■ Problem requirements ■
Without including any pictures, give back all of the data exactly.

■ Records shown ■
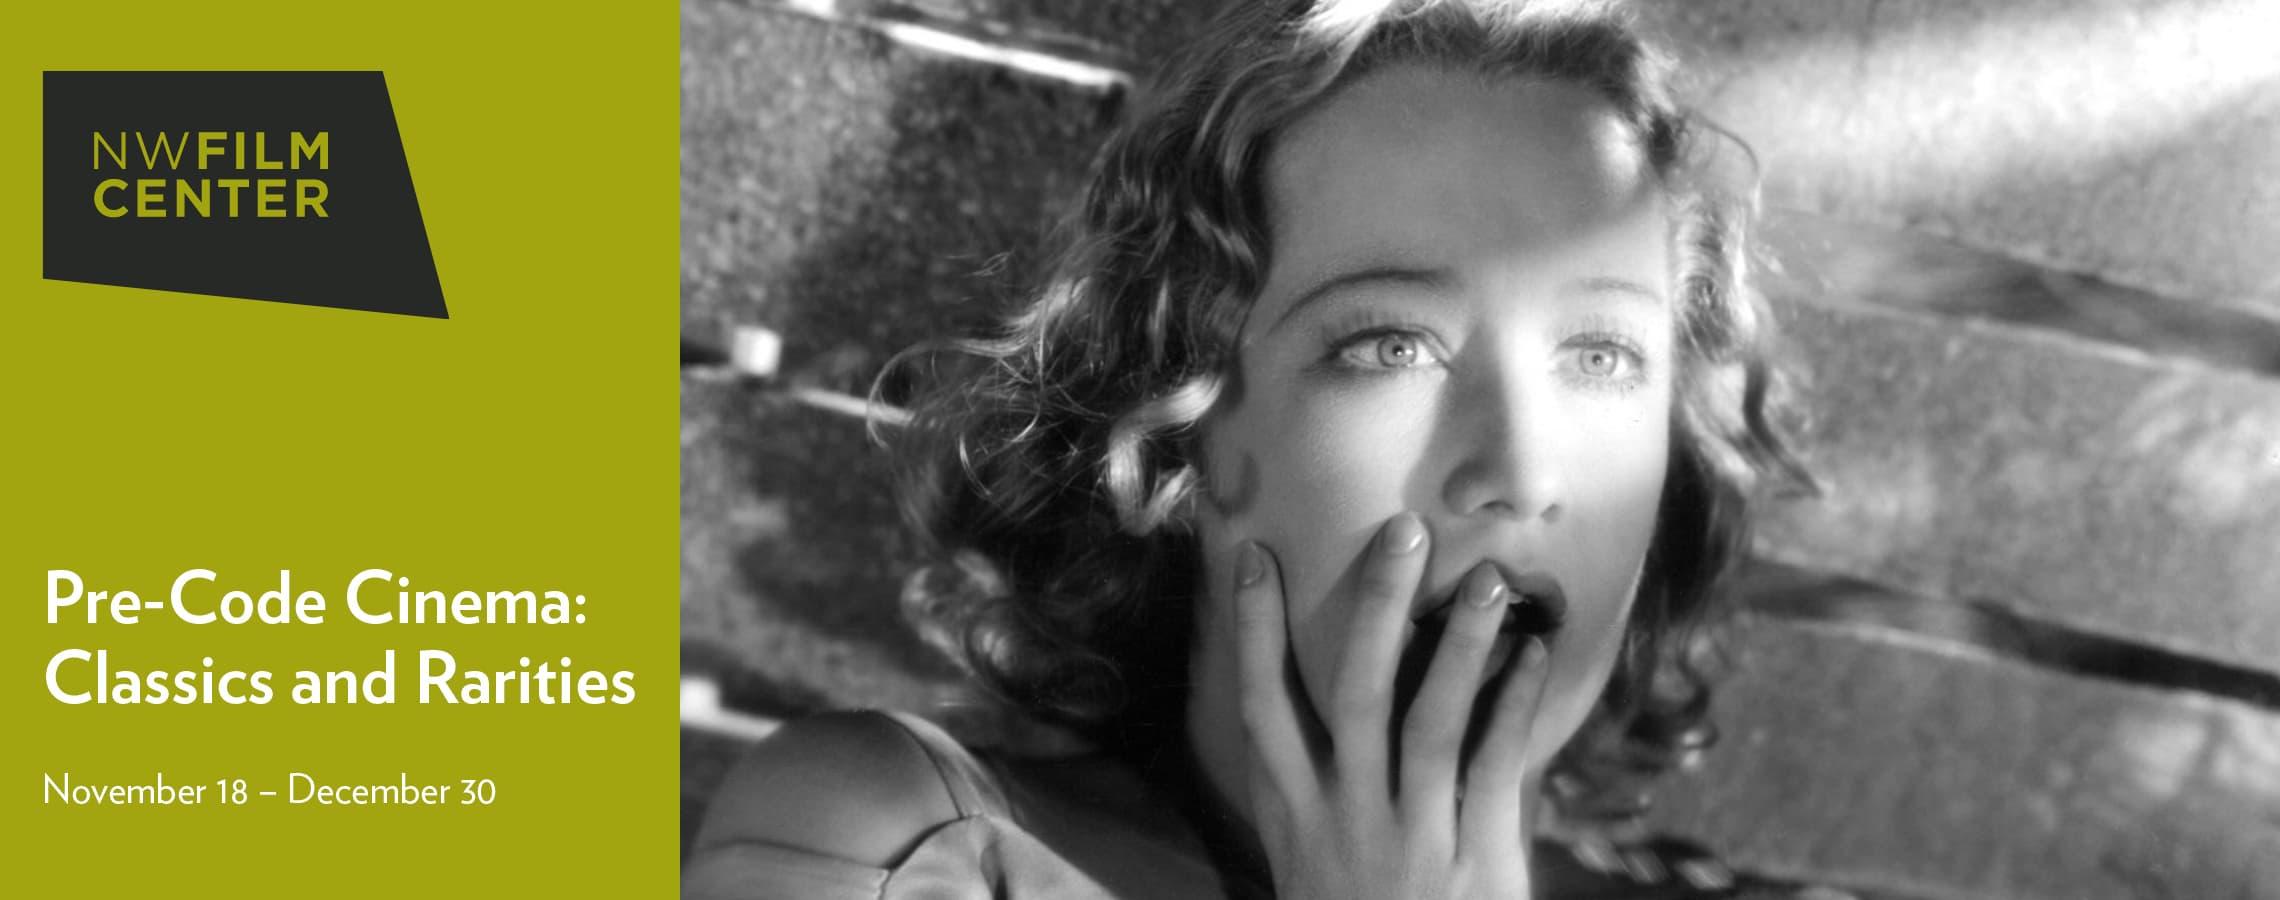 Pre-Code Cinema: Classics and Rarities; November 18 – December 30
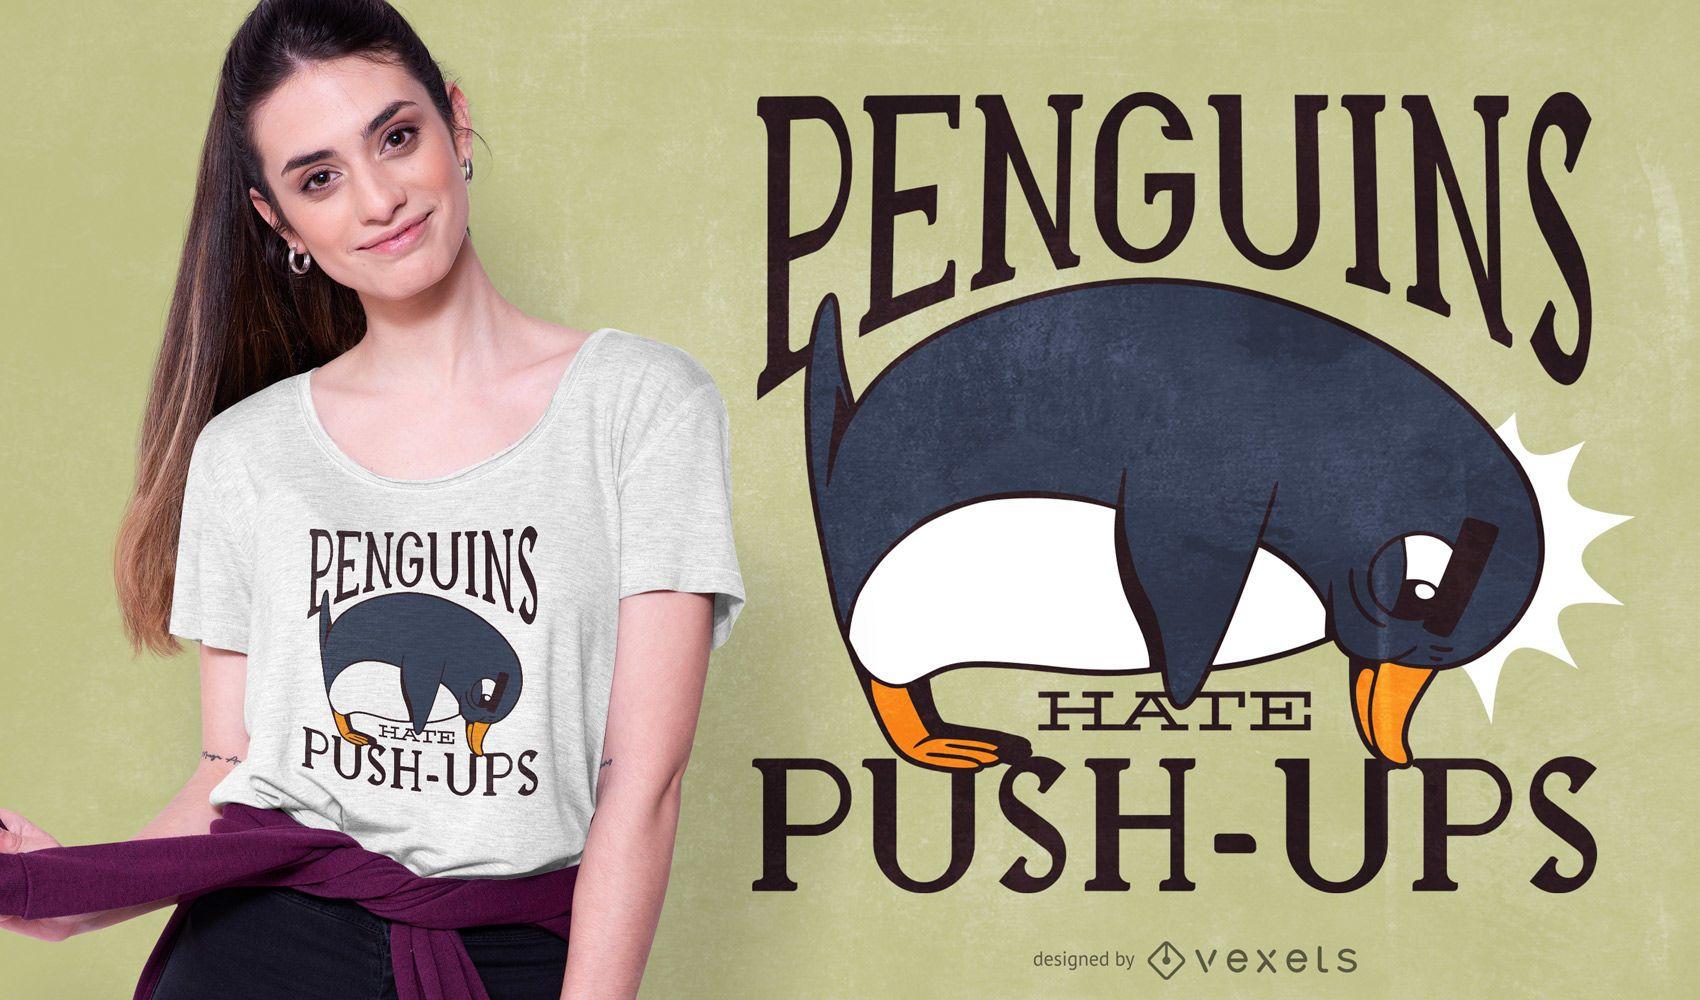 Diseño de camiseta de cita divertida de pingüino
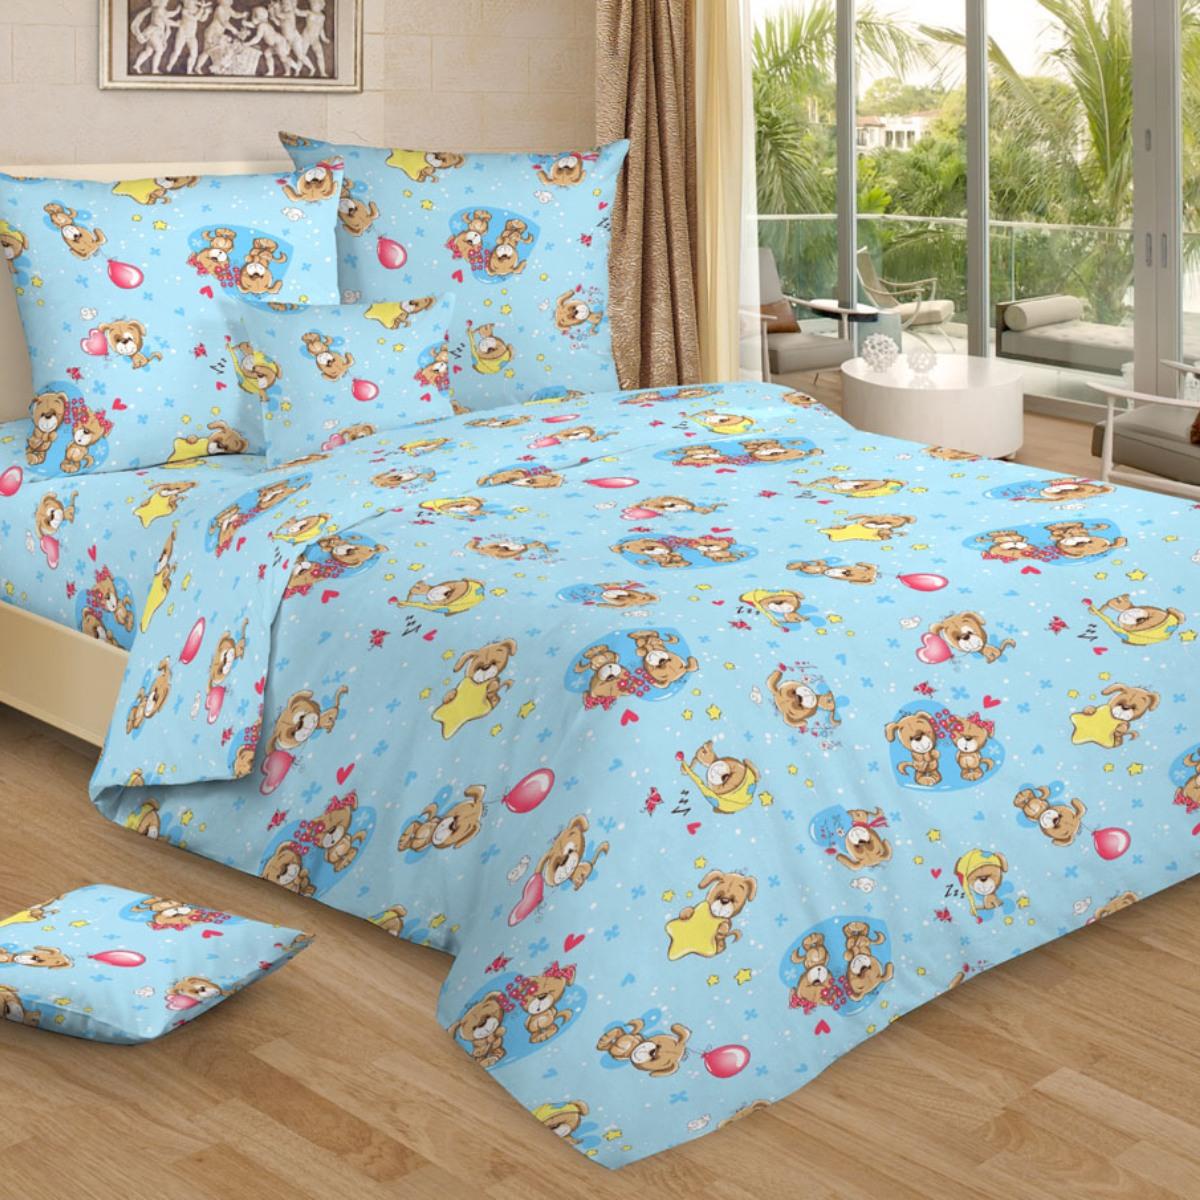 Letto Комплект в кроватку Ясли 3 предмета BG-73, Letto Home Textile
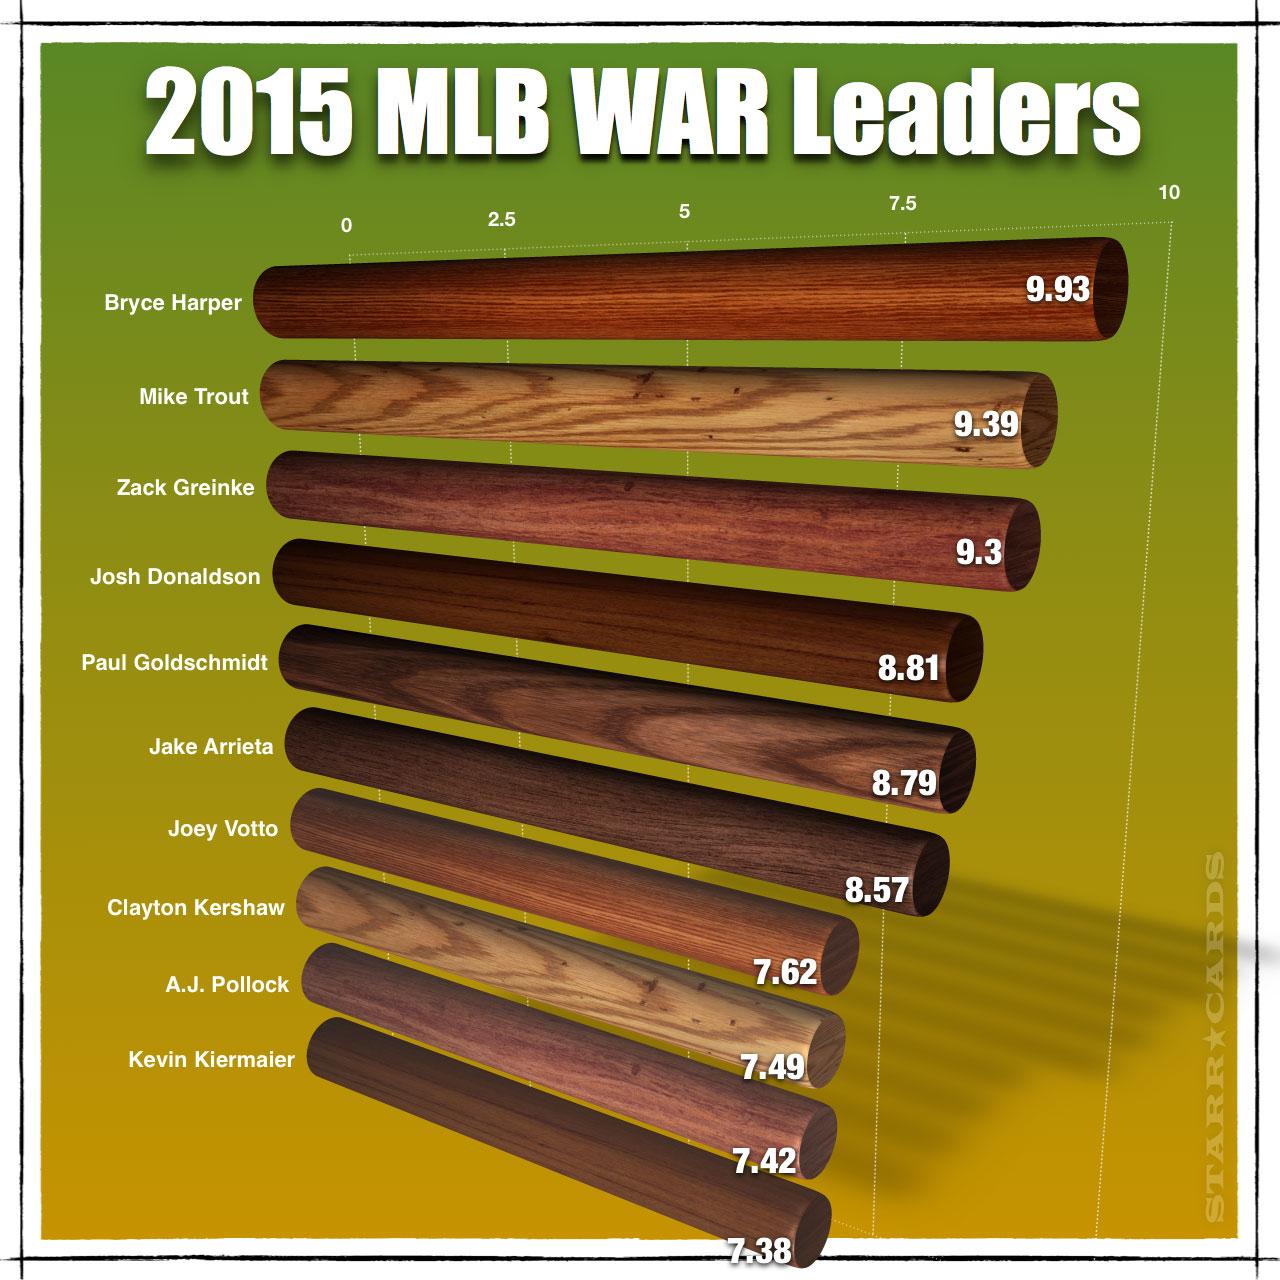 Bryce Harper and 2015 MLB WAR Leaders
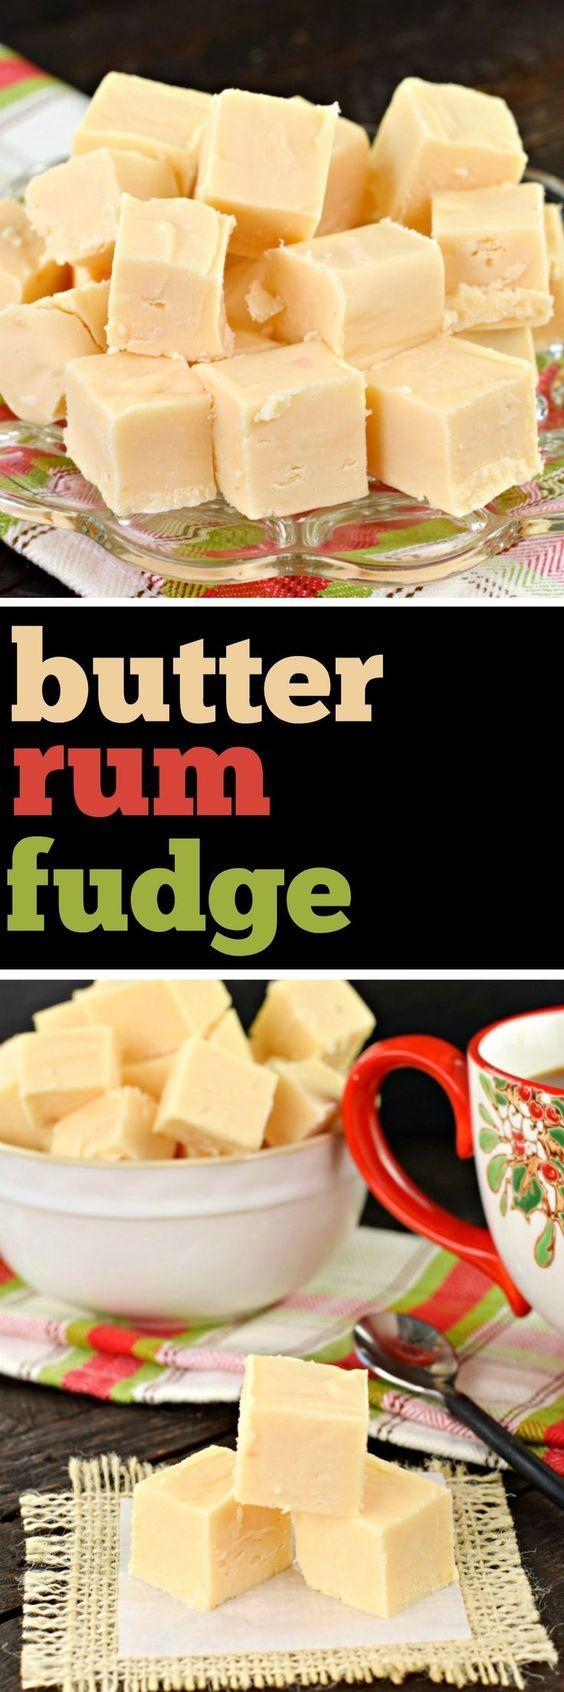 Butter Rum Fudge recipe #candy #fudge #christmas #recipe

■ Written solution ■
 Pre-Code Cinema: Classics and Rarities; November 18 – December 30
 Diseño de camiseta de cita divertida de pingüino
 Letto Комплект в кроватку Ясли 3 предмета BG-73, Letto Home Textile
 Bryce Harper and 2015 MLB WAR Leaders
 Butter Rum Fudge recipe #candy #fudge #christmas #recipe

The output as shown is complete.